MATERIAL PROVIDED:
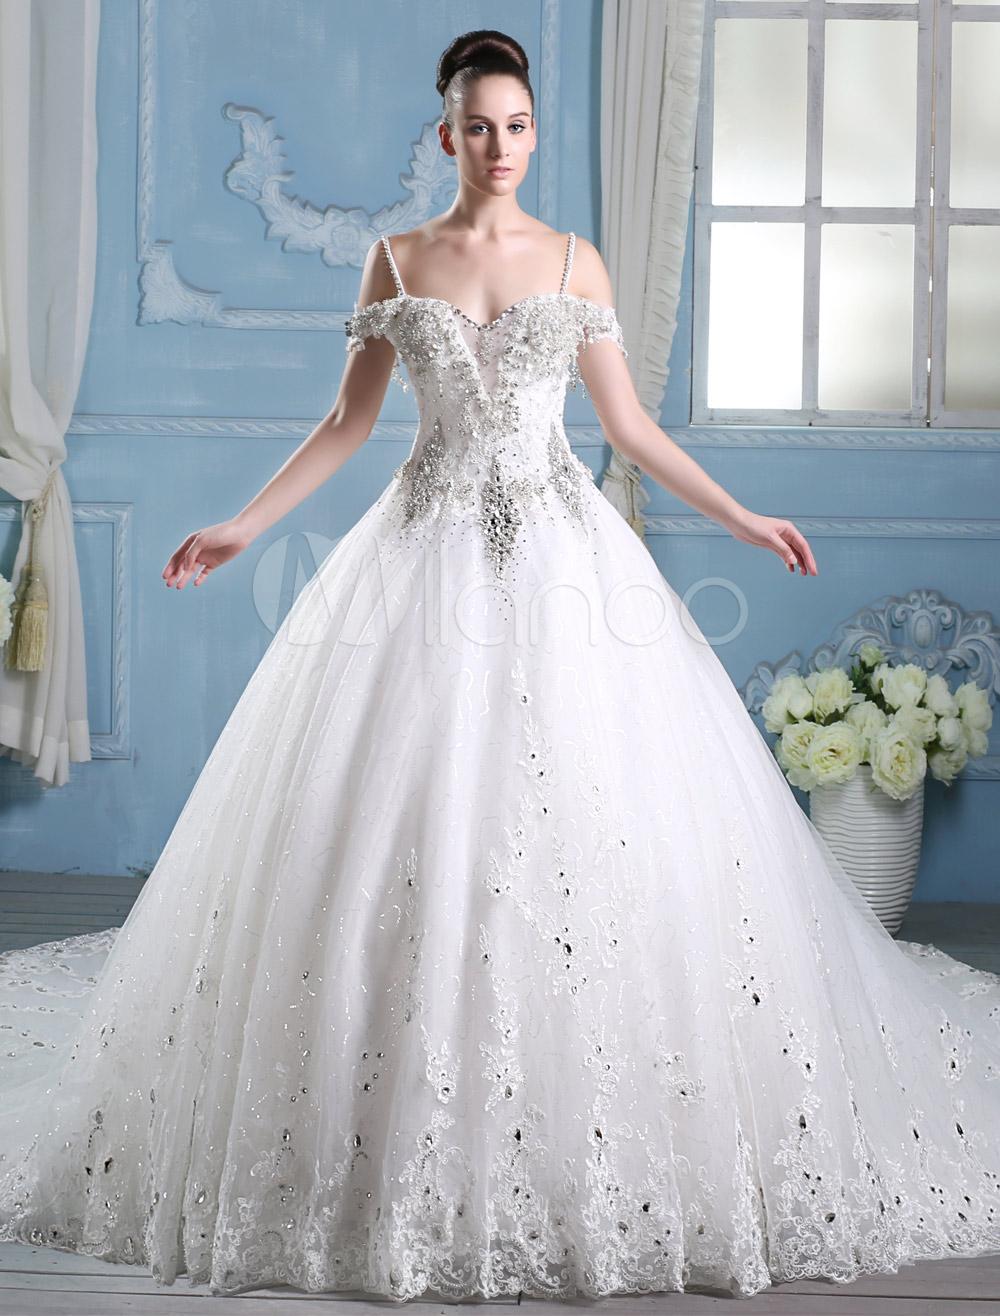 Beaded ball gown wedding dress  Wedding Dresses Ball Gown Bridal Dress Rhinestones Beaded Straps
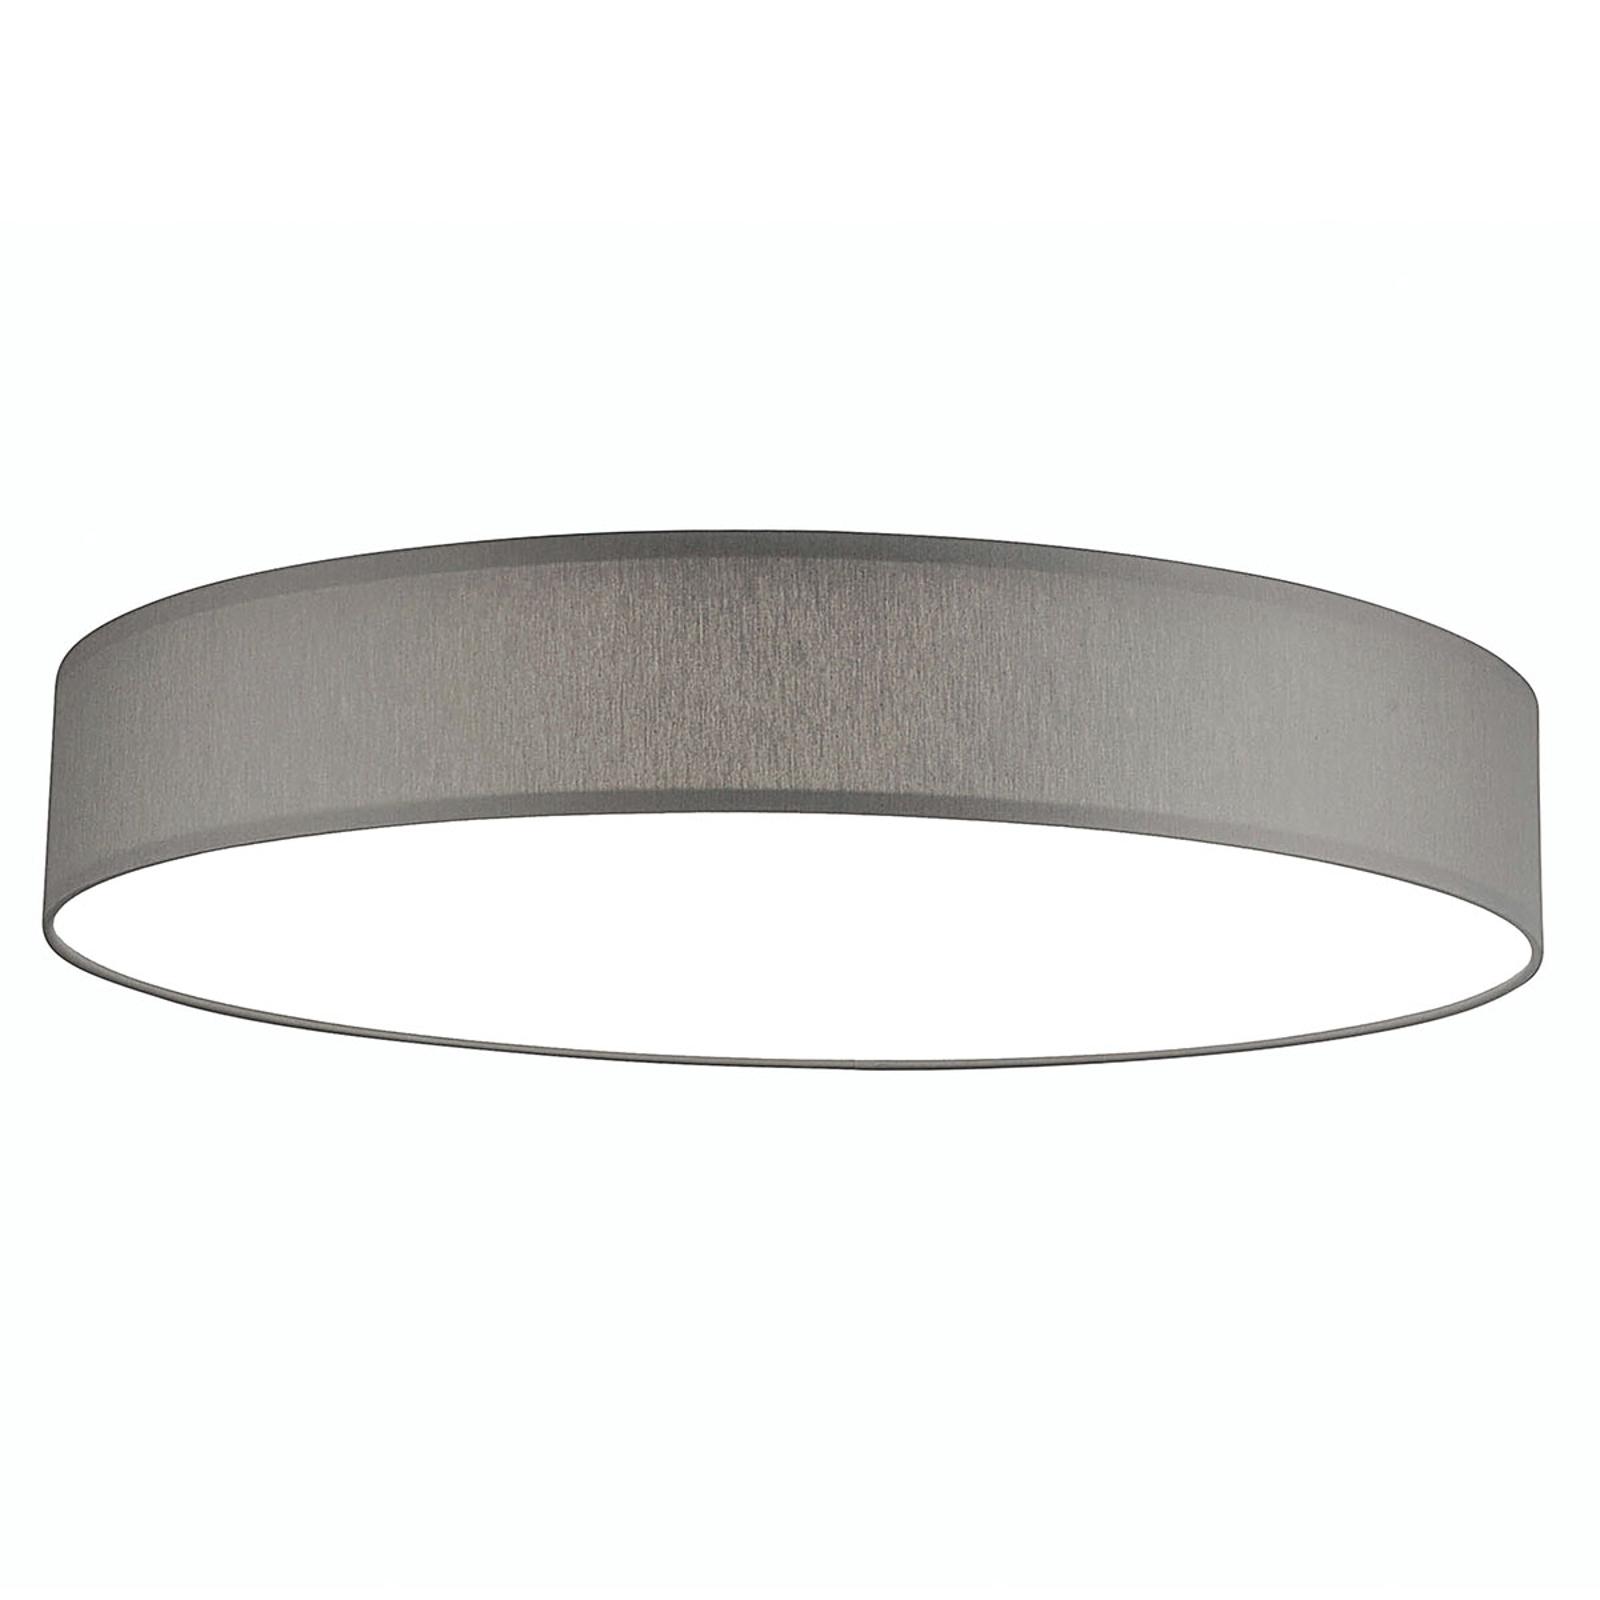 LED plafondlamp Luno XL 3.000K 100 W lichtgrijs
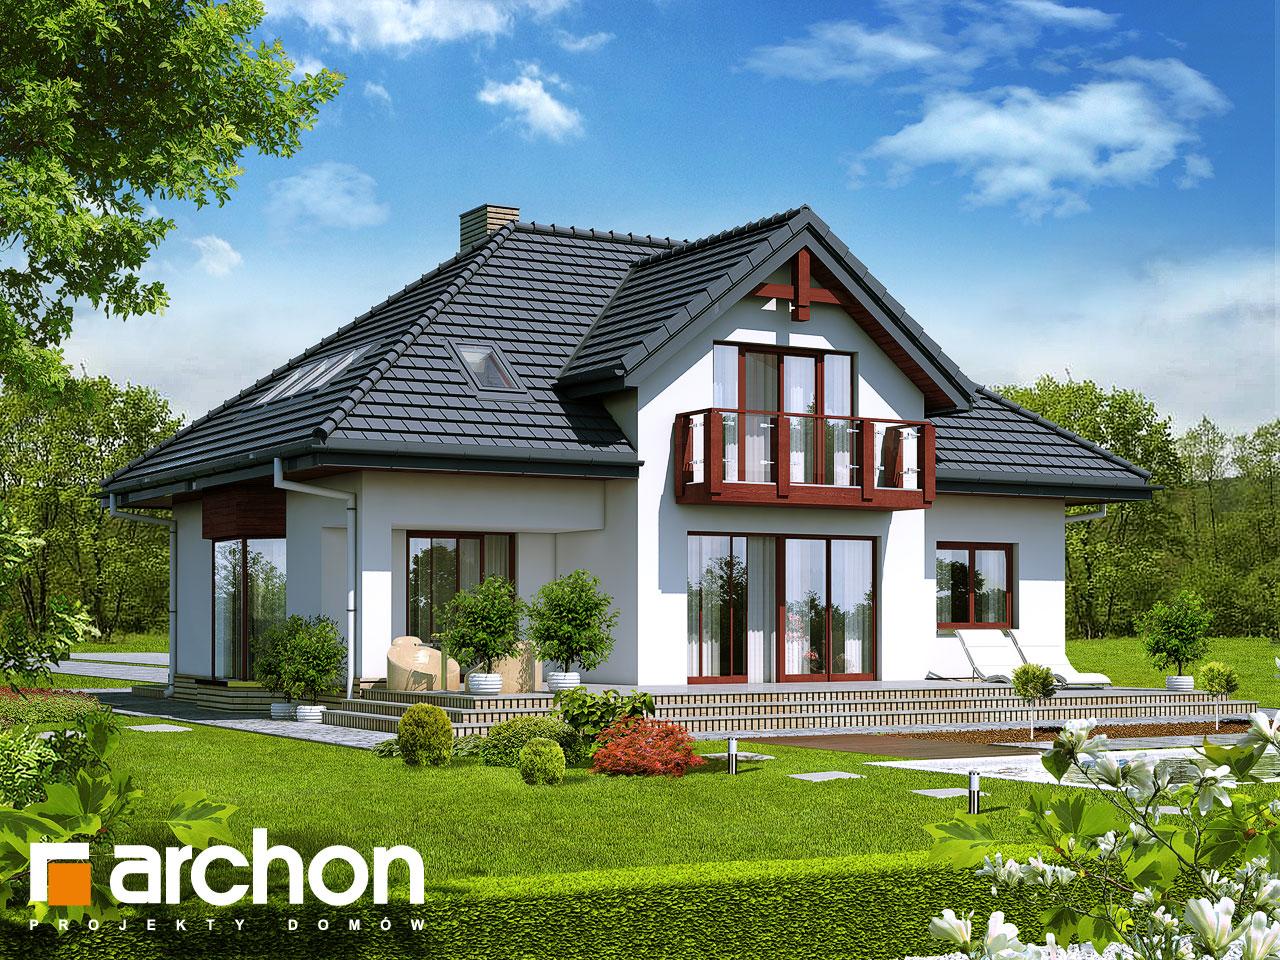 Проект будинку ARCHON+ Будинок в каллатеях 2 вер.2 Вид 2

REQUIRED ACTION: Going from the line holding "LED plafondlamp Luno" to the last line of the data above, reproduce every line exactly, both included, with the pictures omitted.

ANSWER BOX:
 LED plafondlamp Luno XL 3.000K 100 W lichtgrijs
 Проект будинку ARCHON+ Будинок в каллатеях 2 вер.2 Вид 2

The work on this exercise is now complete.